URI:
       # taz.de -- 33 Jahre nach dem Mauerfall: Geschichte, abgestaubt
       
       > Dort, wo in Leipzig noch heute vergilbte Gardinen aus Stasi-Zeiten
       > hängen, soll bald Leben einziehen. Eine Ortsbegehung des Projekts
       > „Zukunftszentrum“.
       
   IMG Bild: Besenrein. Zimmer in der ehemaligen Leipziger Stasizentrale
       
       Leipzig taz | „Das ist das tristeste Stück Erde, das ich kenne“, sagt
       Christoph Hümmeler an und lässt vom Hausmeister die Tür aufschließen.

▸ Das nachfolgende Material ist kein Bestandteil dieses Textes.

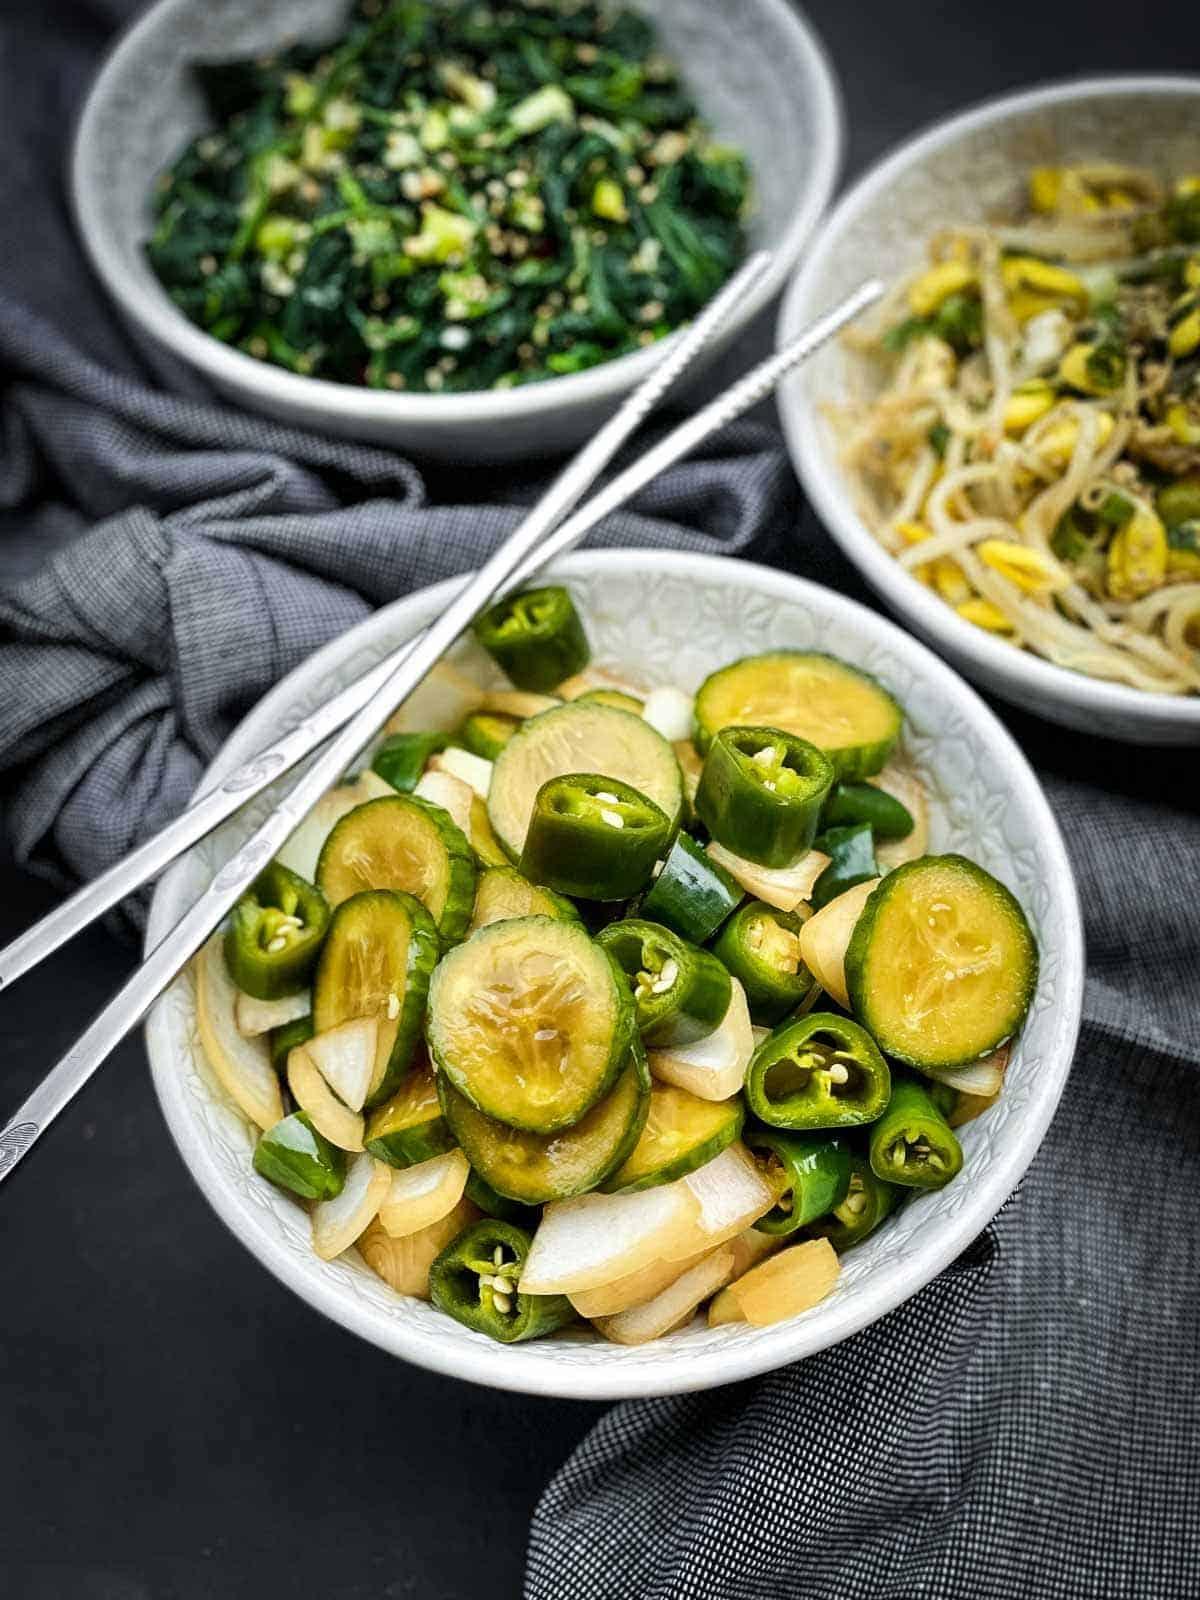 Korean Pickles in Soy Sauce - Jangajji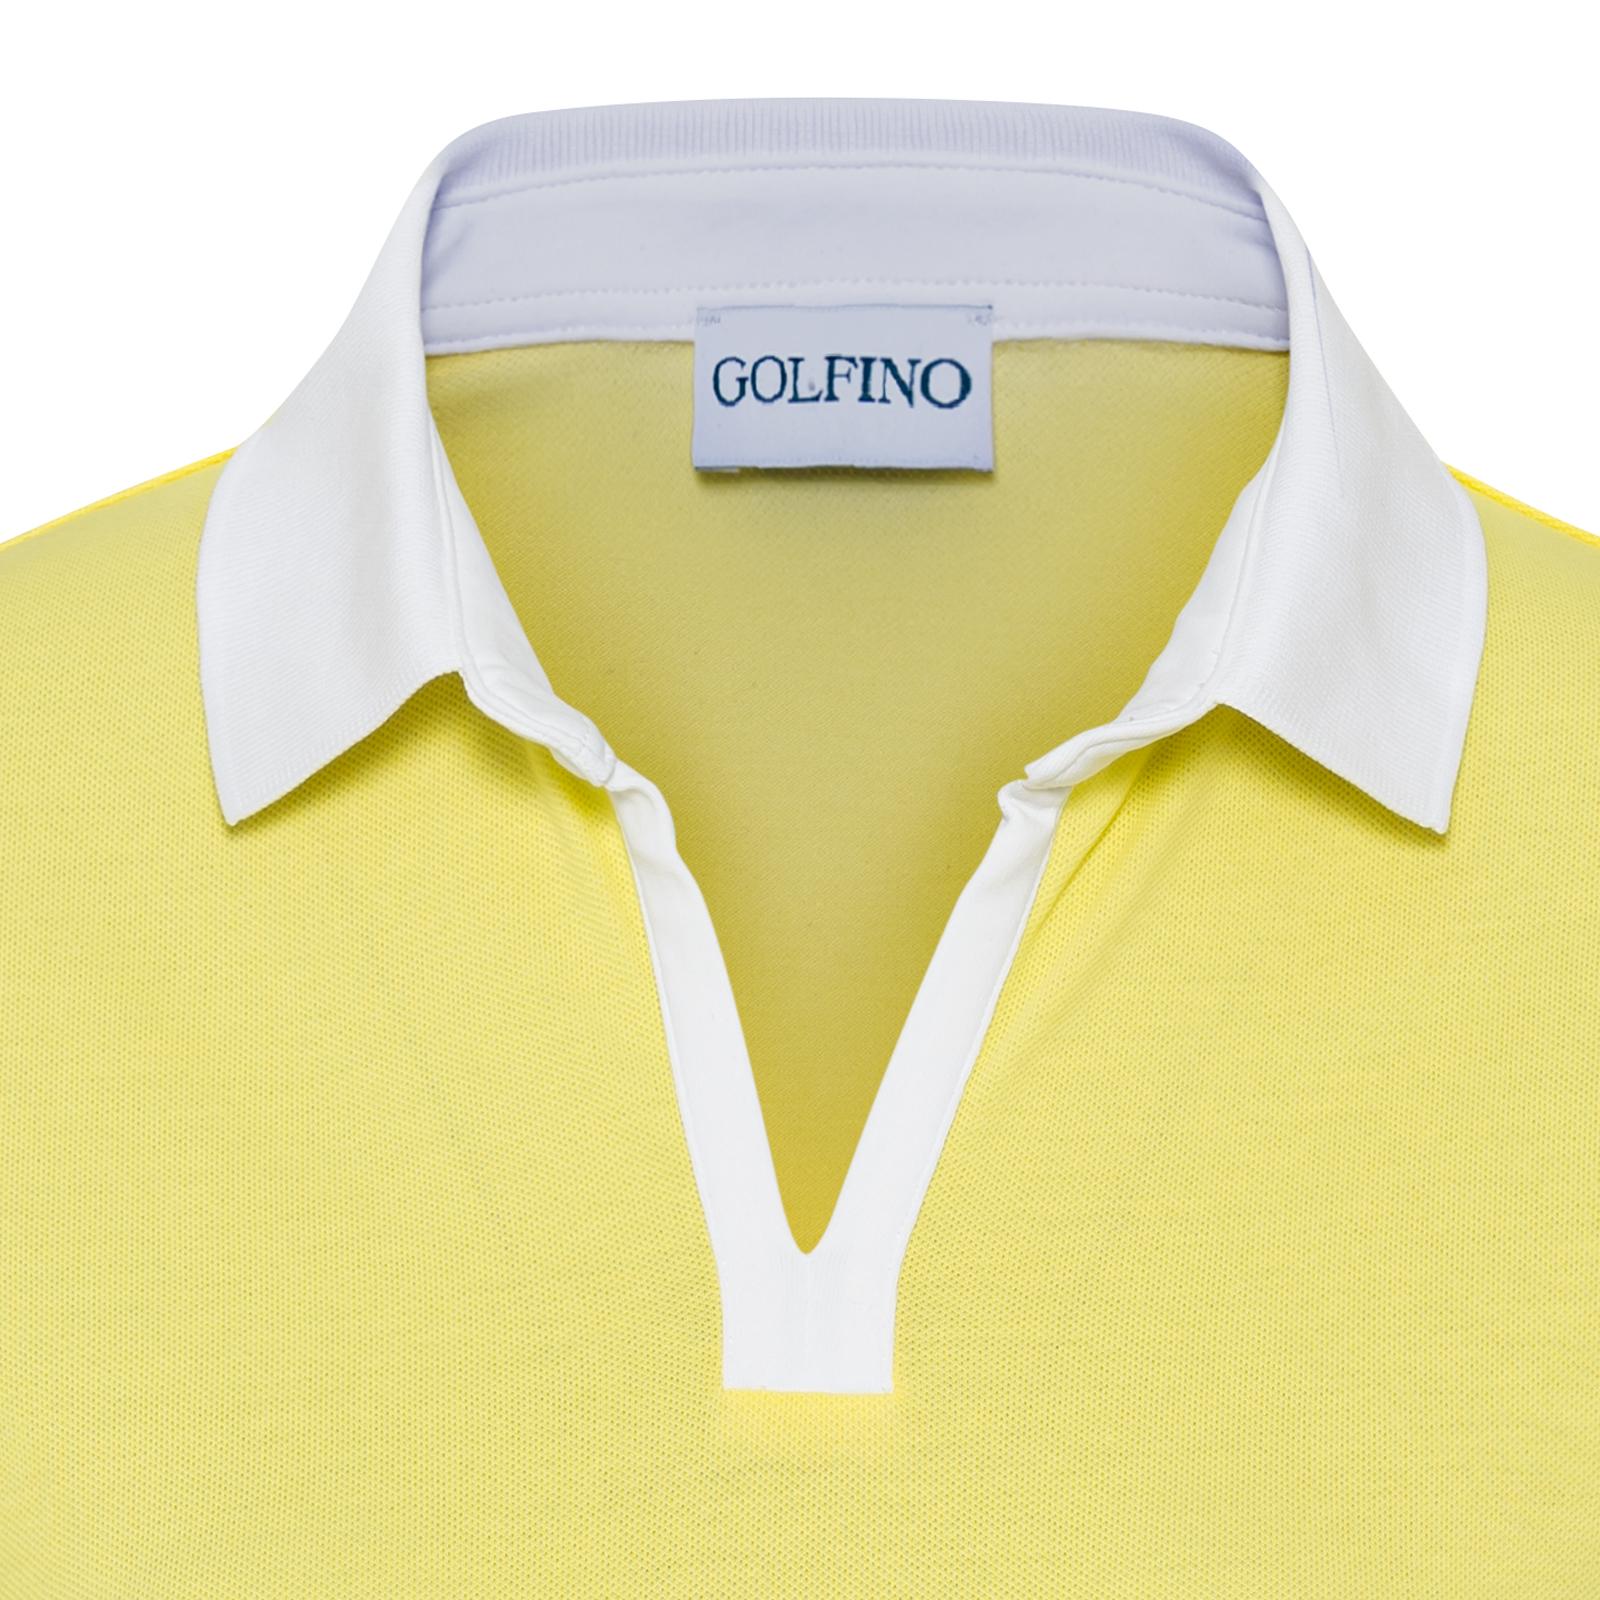 Elastisches Damen Golf Poloshirt

       Hümmeler, kahlrasierter Kopf, schwarzer Hoody, die Hände in den Taschen,
       wirkt keineswegs betroffen, sondern eher wie ein Event-Manager, der eine
       abgefahrene Location präsentiert. Dabei ist der 56-Jährige im Leipziger
       Rathaus Stadtplaner.
       
       Das „Stück Erde“, das Hümmeler ankündigt, ist ein lebloser Raum mit
       Fenster, Gardine, Heizkörper und einer Luft, die jegliche Lebenskraft
       verloren hat. Dazu ein Geruch, der glauben macht, die Staatssicherheit
       selbst hätte dieses Aroma erfunden, um das Denken zu paralysieren. Es ist
       ein Gemisch, als hätten Mumien hier überdauert, als wären Kaffeetassen
       vertrocknet und Stempelkissen. Hümmeler ruft begeistert „Spooky!“ und
       Hausmeister Loricke, Herr über ein Dutzend Schlüssel, wirkt für einen
       Augenblick, als gehöre er dazu.
       
       Dieses Vakuum ist Teil der ehemaligen [1][Leipziger Bezirkszentrale des
       Ministeriums für Staatssicherheit], ein Gebäudekomplex am Rande der
       Innenstadt mit einem verwinkelten Sechsgeschosser, Flachbauten, Garagen,
       Kellern, Innenhof und einem eleganten Versicherungsbau aus Vorkriegstagen –
       alles in Sichtweite Leipziger Kneipen und Konsumtempel. Während in dem
       früheren Versicherungsbau, der Runden Ecke, das gleichnamige Museum an den
       Stasi-Unterdrückungsapparat erinnerte, auch ein Schulmuseum dort seine
       Heimat gefunden hat und in einem weiteren Flügel Stasi-Akten lagern,
       überdauerte der Sechsgeschosser die Jahrzehnte wie eine Larve im Kompost.
       
       Im Jahr 1990 zog nach der Wende das Arbeitsamt in den Bau ein, später eine
       Disco. Nebenbei ist der Klotz eine Art Rumpelkammer der Stadtverwaltung.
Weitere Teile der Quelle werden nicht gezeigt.